Any of the following scientists/medical professionals could be approached to provide such a commissioned Editorial: Dr. Christopher Shaw, Dept. of Ophthalmology and Visual Sciences, University of British Columbia (firstname.lastname@example.org), Dr. Lucija Tomljenovic, Dept. of Ophthalmology and Visual Sciences, University of British Columbia (email@example.com), Dr. Toni Bark, Boston University, (firstname.lastname@example.org), Dr. Romain Gherardi, Institut Mondor de Recherche Biomédicale, Univeriste (France.email@example.com).
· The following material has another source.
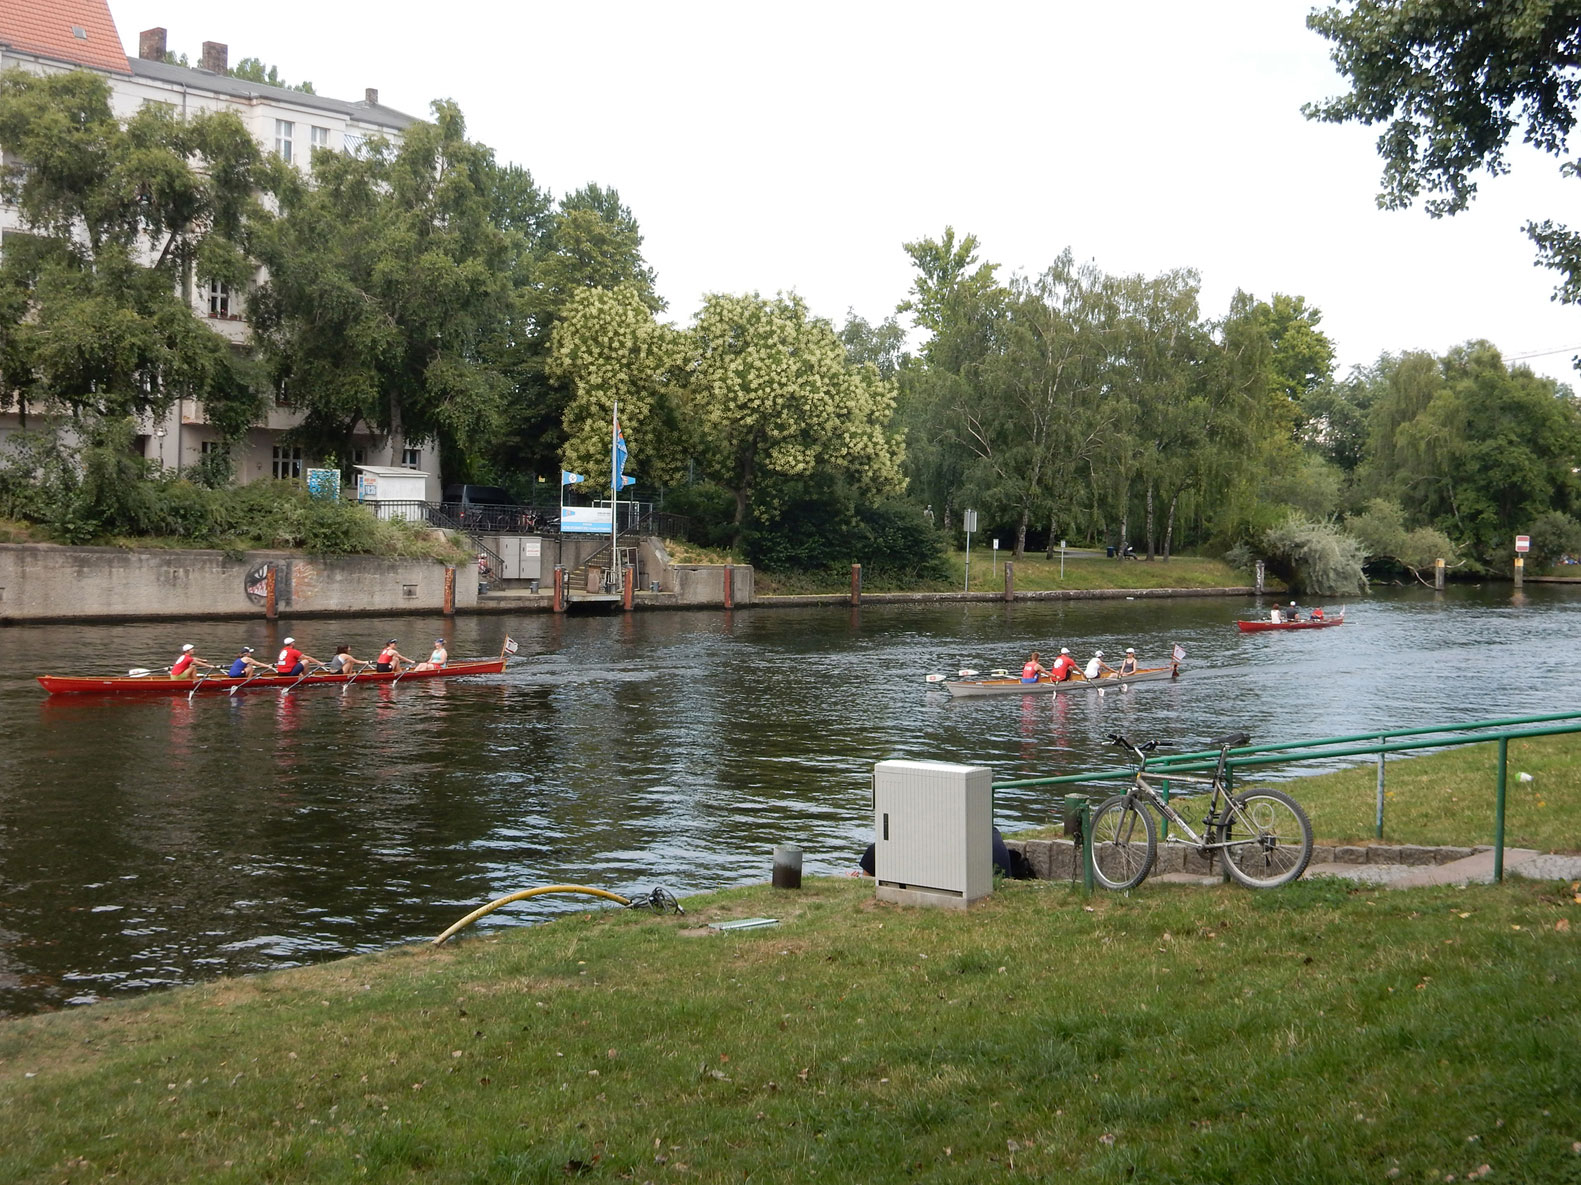 Radtour Grunewald nach Tempelhof
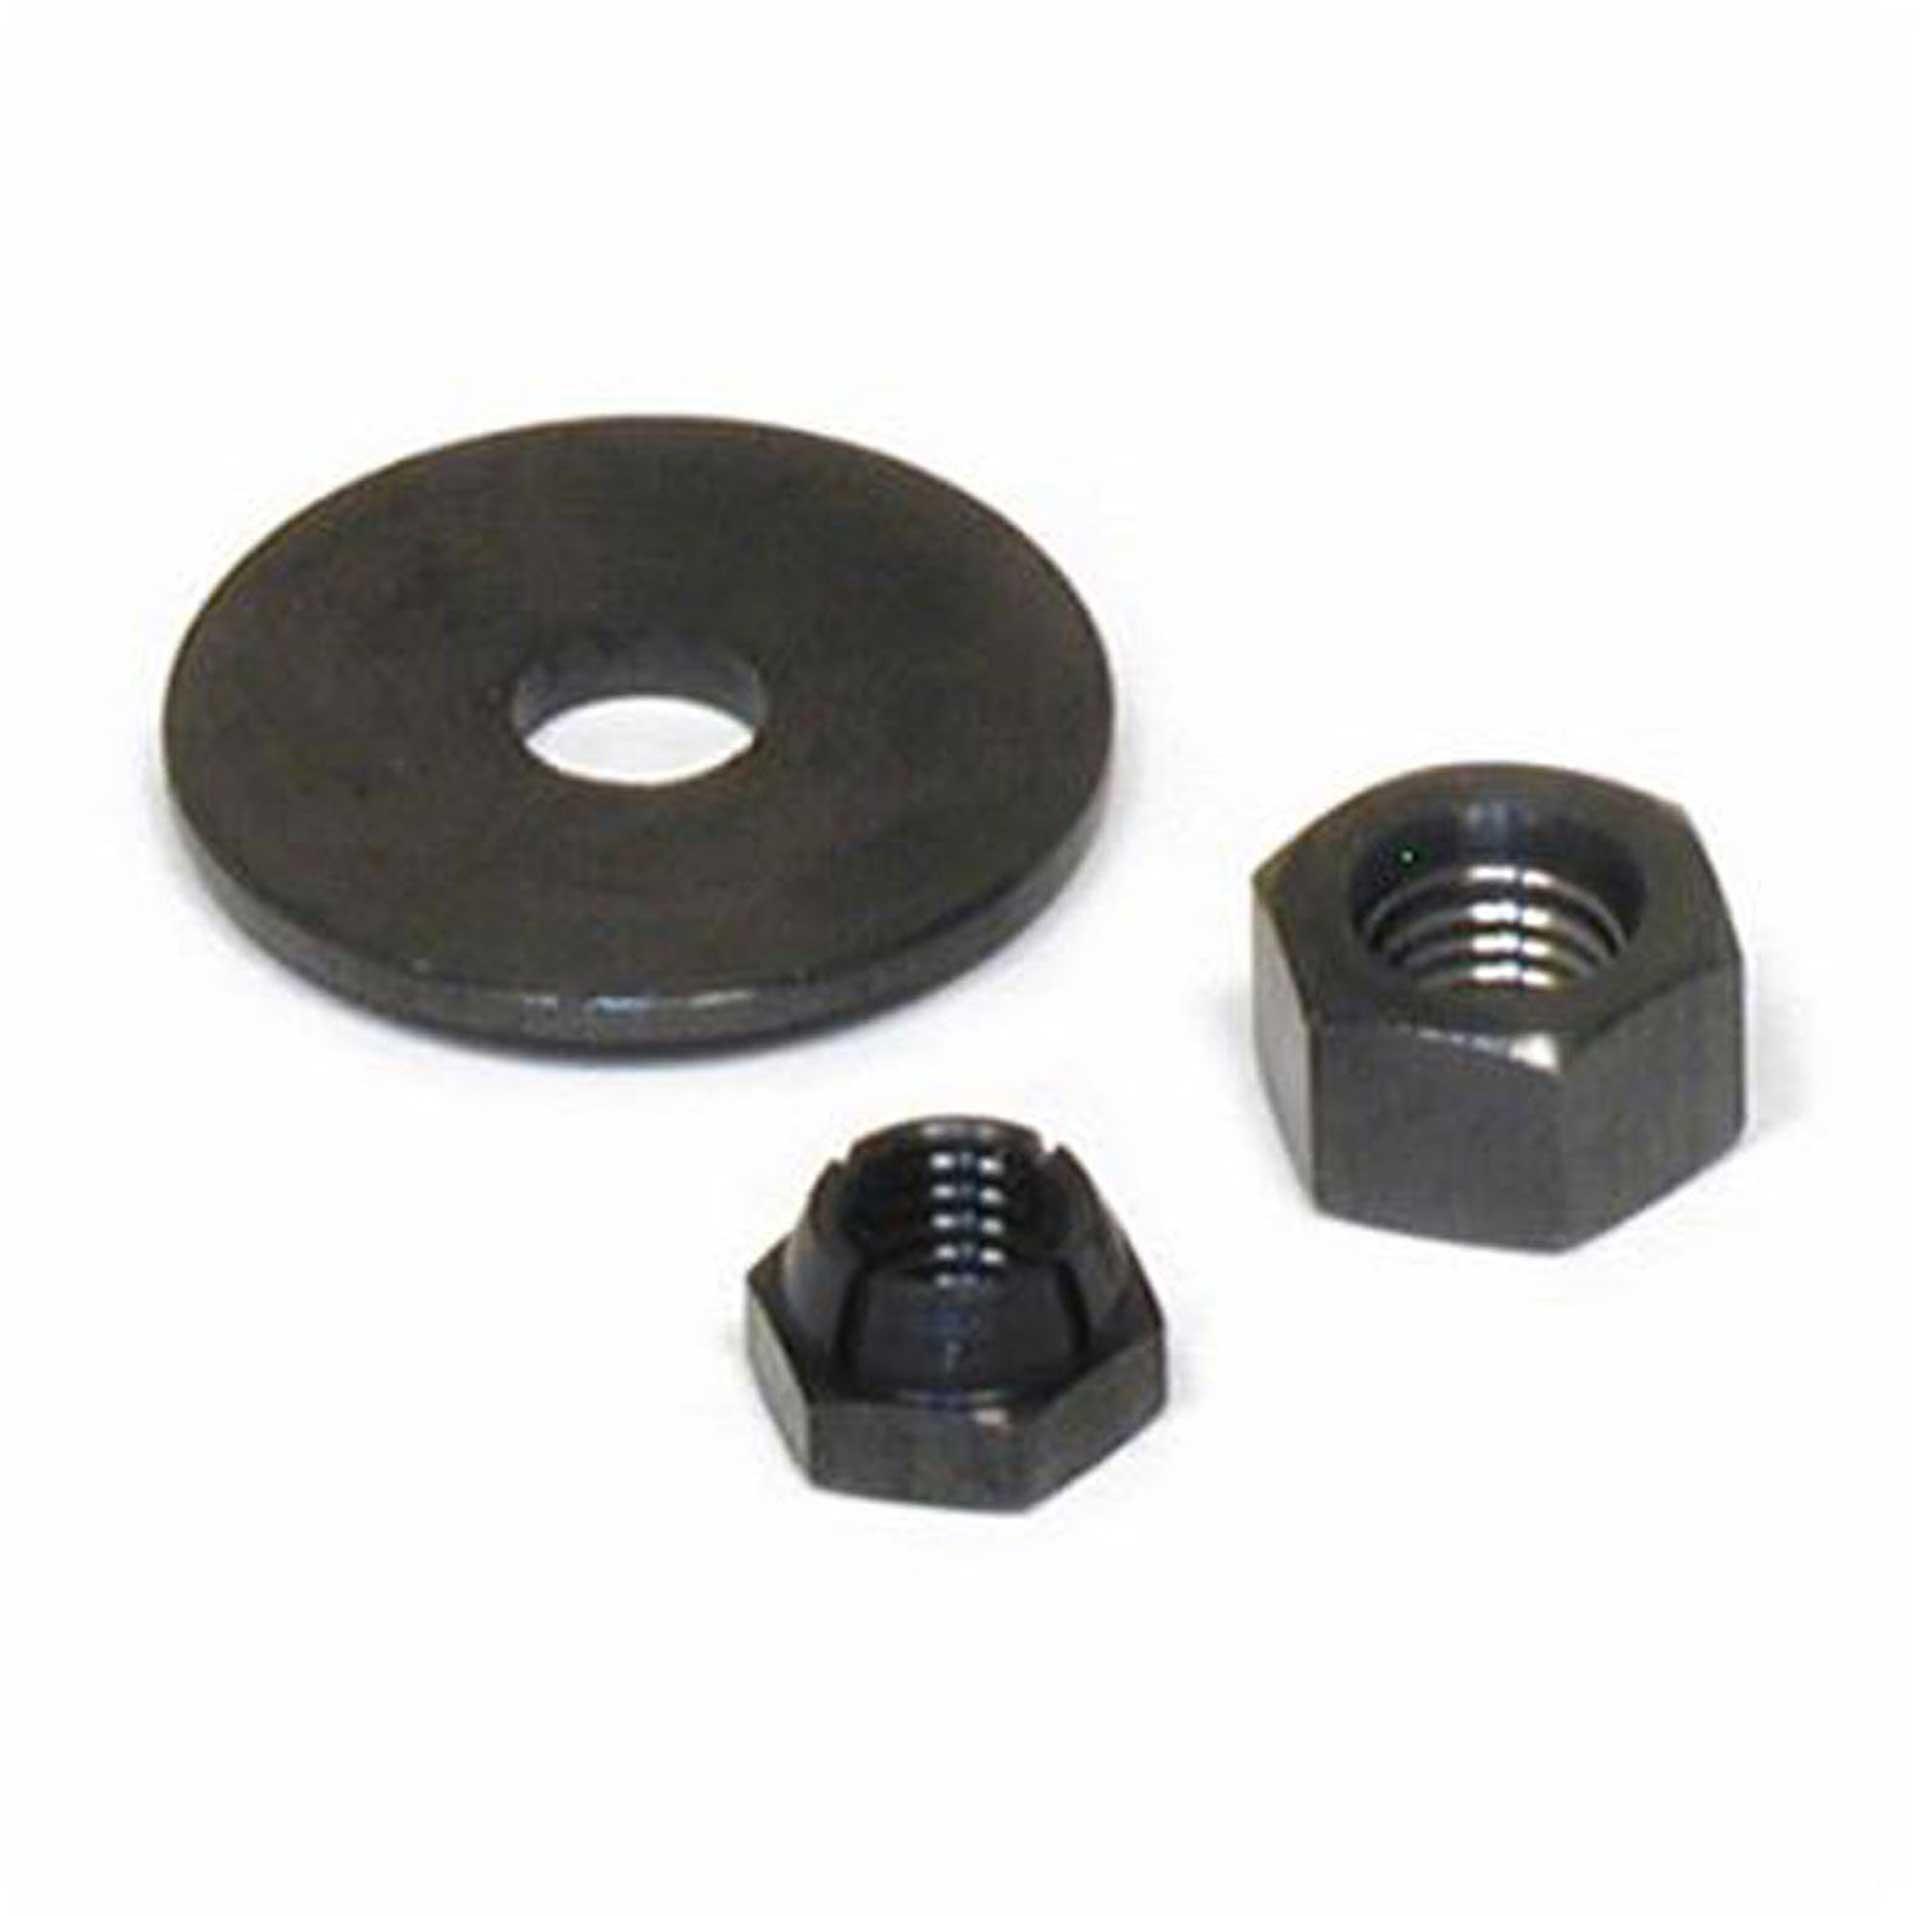 SAITO Prop Washer/Nut/Anti-loosening Nut

Norma Erickson, President SANE Vax Inc.
Signed on behalf of the Board of Directors, SANE Vax, Inc.: Leslie Carol Botha, Vice President of Public Relations Janny Stokvis, Vice President of Research Rosemary Mathis, Vice President, Victim Support Freda Birrell, Secretary Linda Thompson, Treasurer
- Chao C, Klein NP, Velicer CM, Sy LS, Slezak JM, Takhar H, Ackerson B, Cheetham TC, Hansen J, Deosaransingh K, Emery M, Liaw KL, Jacobsen SJ. Surveillance of autoimmune conditions following routine use of quadrivalent human papillomavirus vaccine. J Intern Med. 2012;271:193-203.
- Fessel WJ Epidemiology of systemic lupus erythematosus. Rheum Dis Clin North Am. 1988;14:15-23.
- Mok CC, Lau CS. Lupus in Hong Kong Chinese. Lupus. 2003;12:717-22.